I love that children seem to be released from their parent’s shackles a lot younger in Israel. I mean, they might still end up 30-year old adults who frequently go home for some home-cooked dinner and laundry, but that’s not what I’m referring to. I’m talking about walking around the streets and seeing young, young kids walking freely, without a care in the world, sometimes picking up groceries for the house or watching their even younger siblings.

It’s kind of like an even better version of what I remember from America in the 80s. Better because it’s even younger. Growing up we went to parks by ourselves and played on old, splintery contraptions, and had the time or lives. All of that has been replaced by boring, plastic monstrosities, and helicopter parents fearing child abduction. Nothing’s actually changed, except attitudes and perspectives.

Kids need freedom to enjoy life and grow into well-adapted adults. A little goes a long way.

6) Hosting Couch Surfers

I haven’t been able to bring all of my hobbies with me from the States to Israel. But of everything that I did bring over, there is one that I’ve certainly made the most of in Israel, and that’s hosting Couch Surfers.

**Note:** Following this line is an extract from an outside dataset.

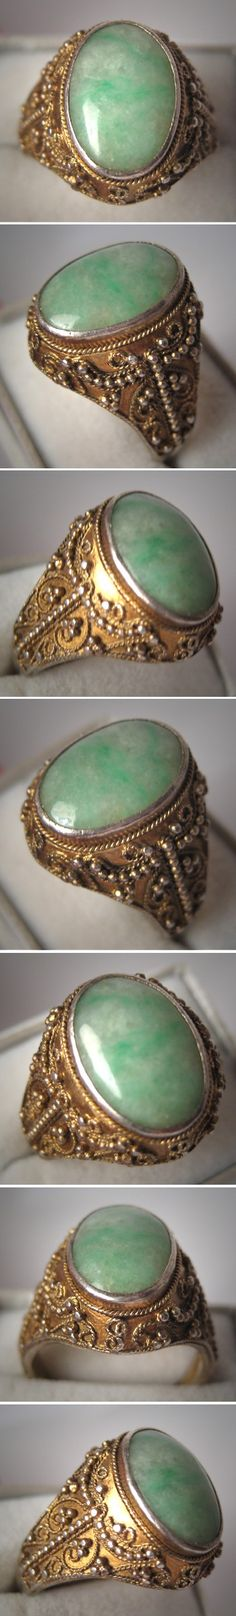 Antique Jade Ring Vintage Etruscan Gold Gilt Jewelry - Wedding

Don’t get me wrong. I loved hosting people in the States. And I certainly loved the people I met. But most people in Kansas City were just passing through, and unfortunately the biggest thing I was providing for them was safe lodging. In Israel I can provide an experience!

I have now taken countless people to see the Western Wall for the first time, showed them all around the city, and given insights into the culture and customs of the country.

Almost everyone who passed through my home in America was from the United States, whereas here I’ve hosted people from over 20 countries. I’m making interesting and incredible connections all over the world.

I’m no one’s first choice to be Jerusalem’s Ambassador, but for these scores of guests who stay in my home, I am committed to making sure their visit to Israel is as incredible as it could be. And watching people fall in love with Jerusalem makes me like it here a lot more as well.